Using Laura Zinke’s “colors of carbon” as his frame, Anderson’s closing chapters examine, in turn, green carbon (the land); blue carbon (ocean and coasts); black carbon (engineered solutions). In each he summarizes the basic challenges and opportunities for driving the world toward more favorable carbon budgets. He borrows from the “existence theorem” language and approach of mathematicians – instead of limiting himself to actual solutions (a very small set), he looks at the much larger body of successful work by individuals and/or corporate or government or NGO entities already underway that need only be successfully scaled up.

This brings readers to his chapter on gold carbon (a hue not covered by the Zinke paper). Here Anderson focuses on innovation of a different sort – he lifts the veil and offers examples of the innovative thinking underway worldwide on the part of financiers, venture capitalists, and clever entrepreneurs designing business models to incentivize, sustain, and scale up work in this space.

So…the title’s promise is fulfilled. The book doesn’t present a polished picture of the path to climate stabilization so much as a rough outline of basic features.

Content/approach. There’s much to like here. The basic issues are captured, but without unnecessary refinements or overmuch detail. And that level of detail is consistent throughout. What’s more, he makes his message clear, without flogging the readers with it.  Perhaps the material on gold carbon is the best example of this. He stresses the need for massive investment. Then, instead of being prescriptive, saying “and this is the way that has to happen,” he simply starts telling stories -stories of individuals and startups and venture capitalists who see a specific piece of the puzzle and say “there’s a profit-making investment opportunity here.” Each story is in itself a little bit inspiring (per the book’s title), but what’s really inspiring is the aggregate of these interviews and cases. Readers will conclude something like “I don’t know whether this exhausts the stories out there, or whether these are only the tip of the iceberg – but it sure feels like the latter, like he’s just scratching the surface of tons and tons of diverse innovation, spanning the full range of actions where innovation is needed.” And that’s what’s inspiring about the stories, that’s what gets us to his premise that “we’ve got this.” It’s less about accomplished fact than it is about emergent possibilities.

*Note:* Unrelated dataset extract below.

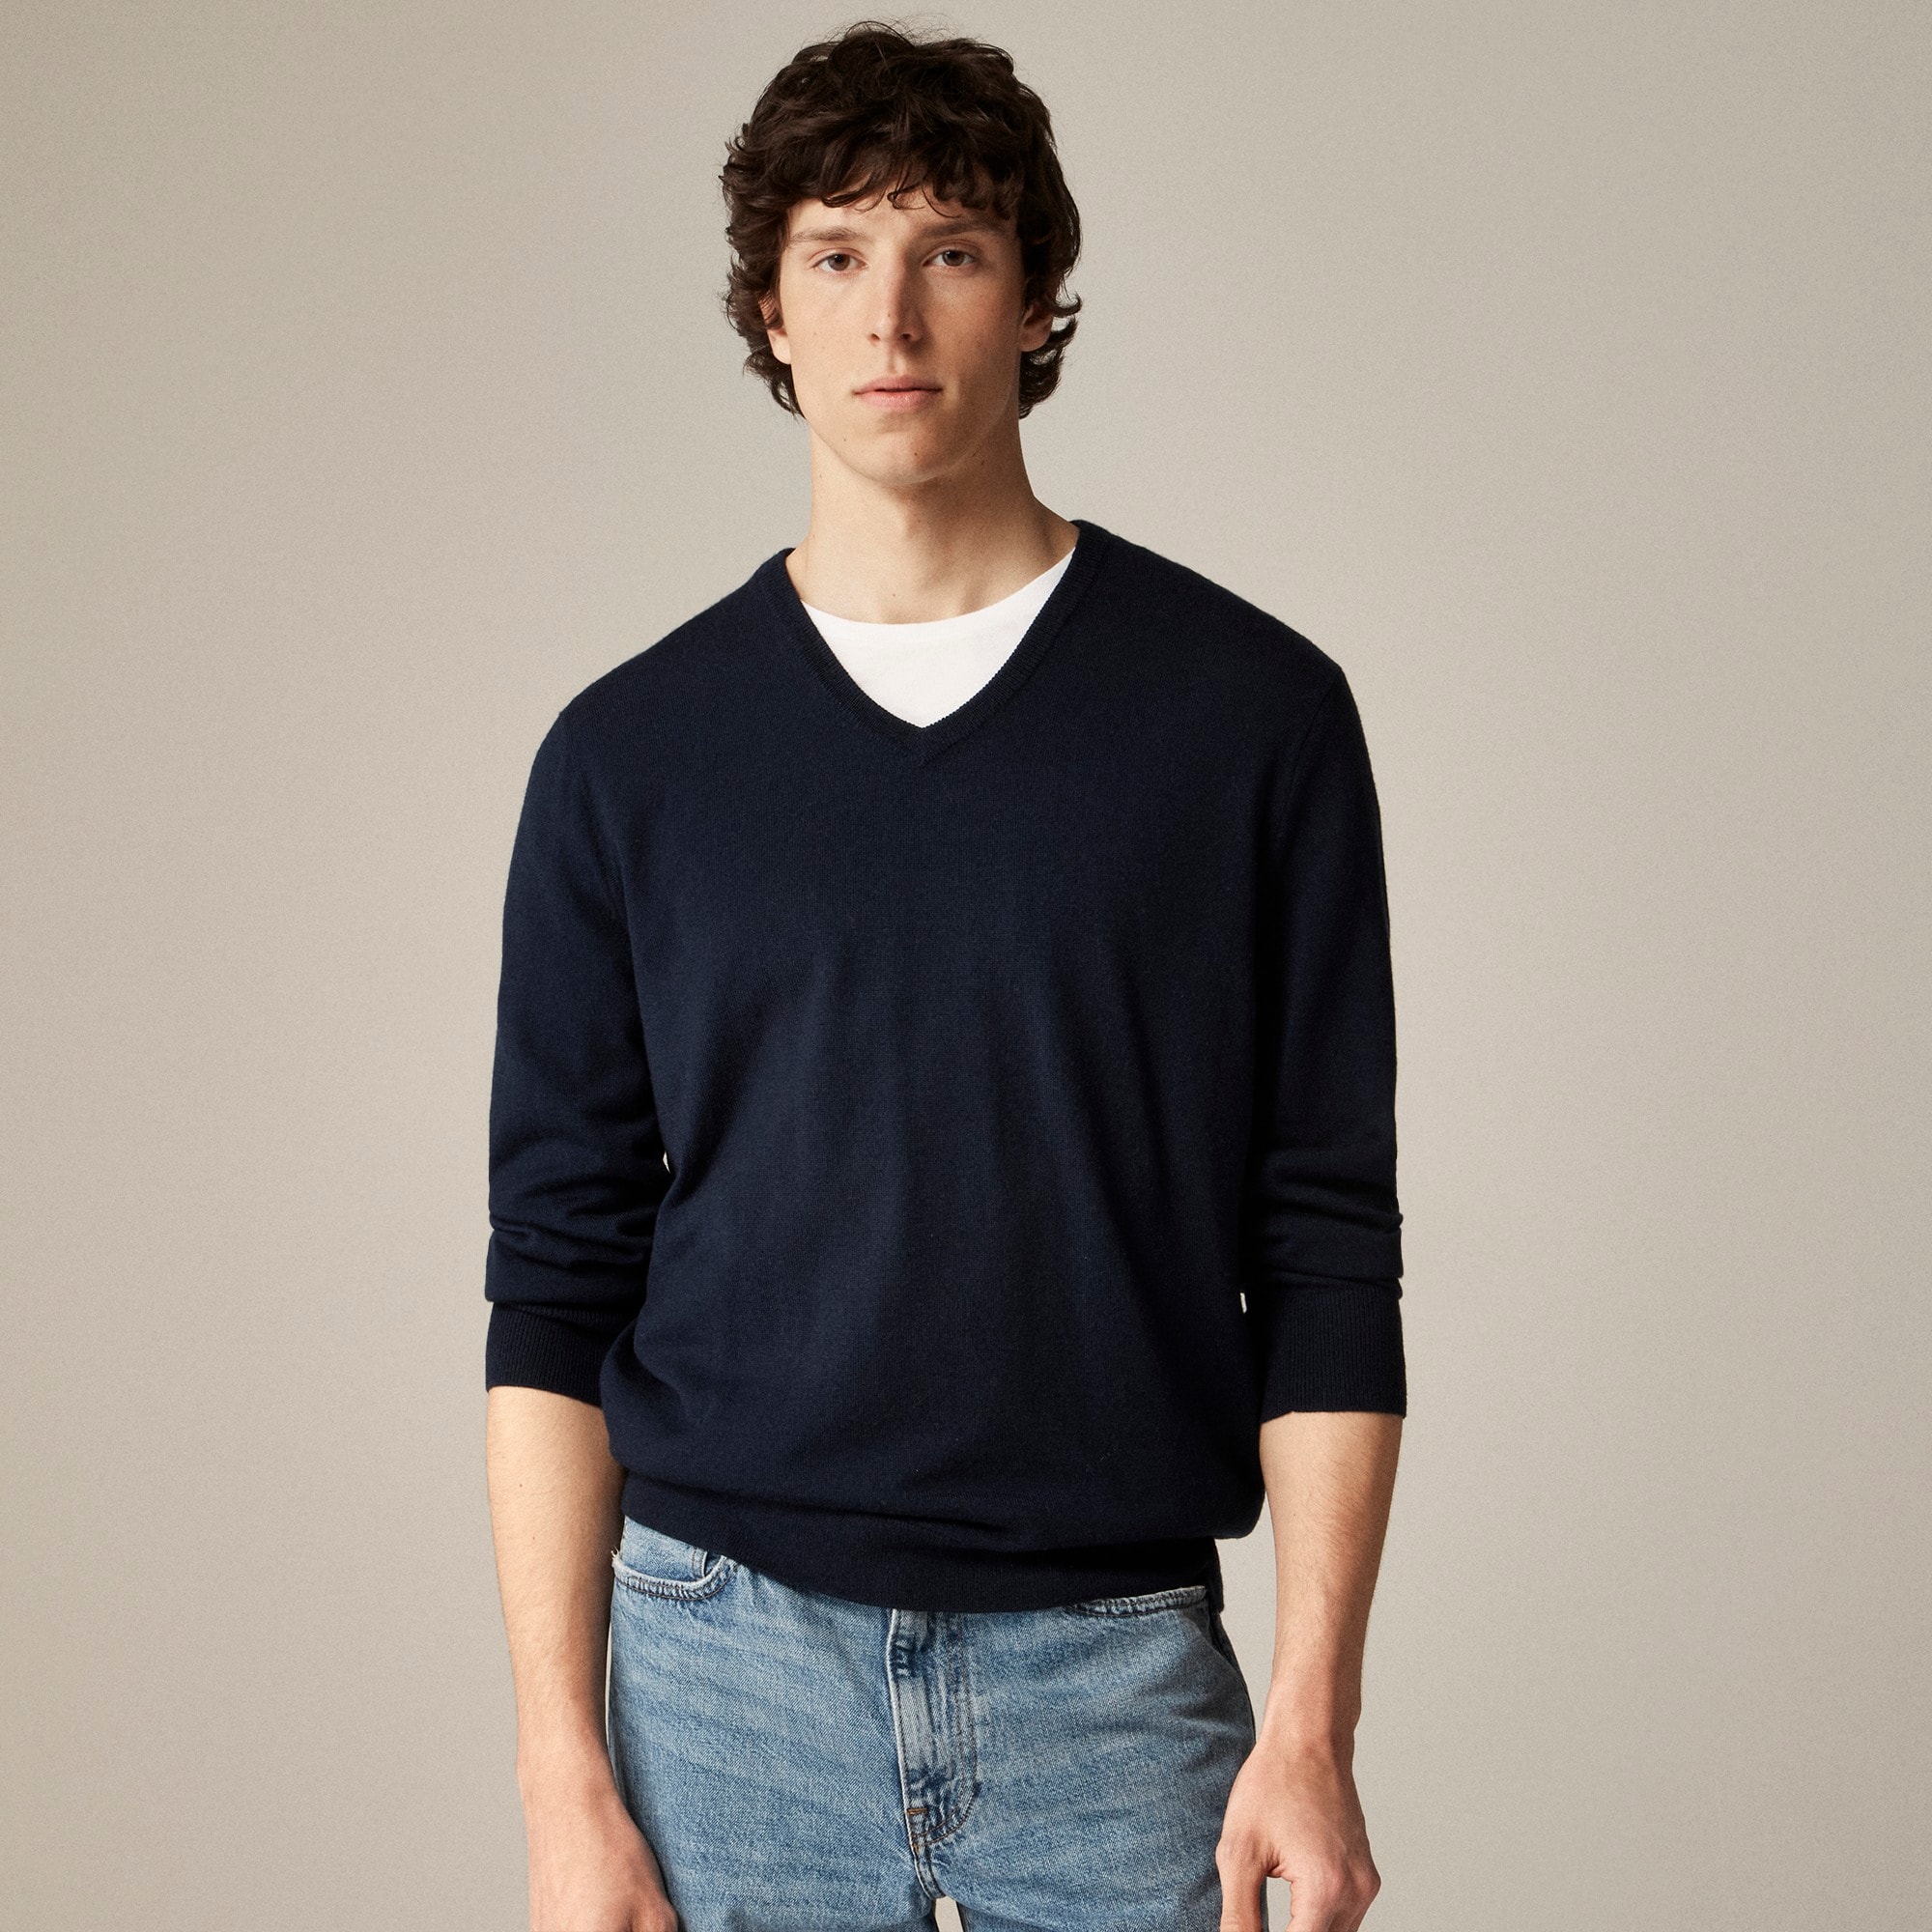 Jcrew Merino wool V-neck sweater

Writing style. Here the book is stellar. The language is crisp and clean – the vocabulary and minimal use of jargon make the main ideas accessible to readers from a broad range of perspectives – those in the weather and climate enterprise, their customers, lay people across the board, and even the author’s children, who loom large in his motivation for the book. Emphasis on interviews (all the mini-narratives making up the larger message) keep readers engaged. The writing flows; the book is a page-turner. The weekend’s coming up. You can buy the Kindle version and read it through before returning to work on Monday.

The conclusion? This book is way-more-than-simply-good-enough to repay your investment in it. Buy it, and follow through and actually read it, and you’ll be reminded that climate change is a big problem but not an intractable one. You’ll return to your current work within the Weather and Climate Enterprise with renewed hope and sense of purpose. Perhaps you’ll be inspired to drop what you’re doing to build your own startup. Whatever your path, you’re on your way to becoming heroes of this story as it unfolds.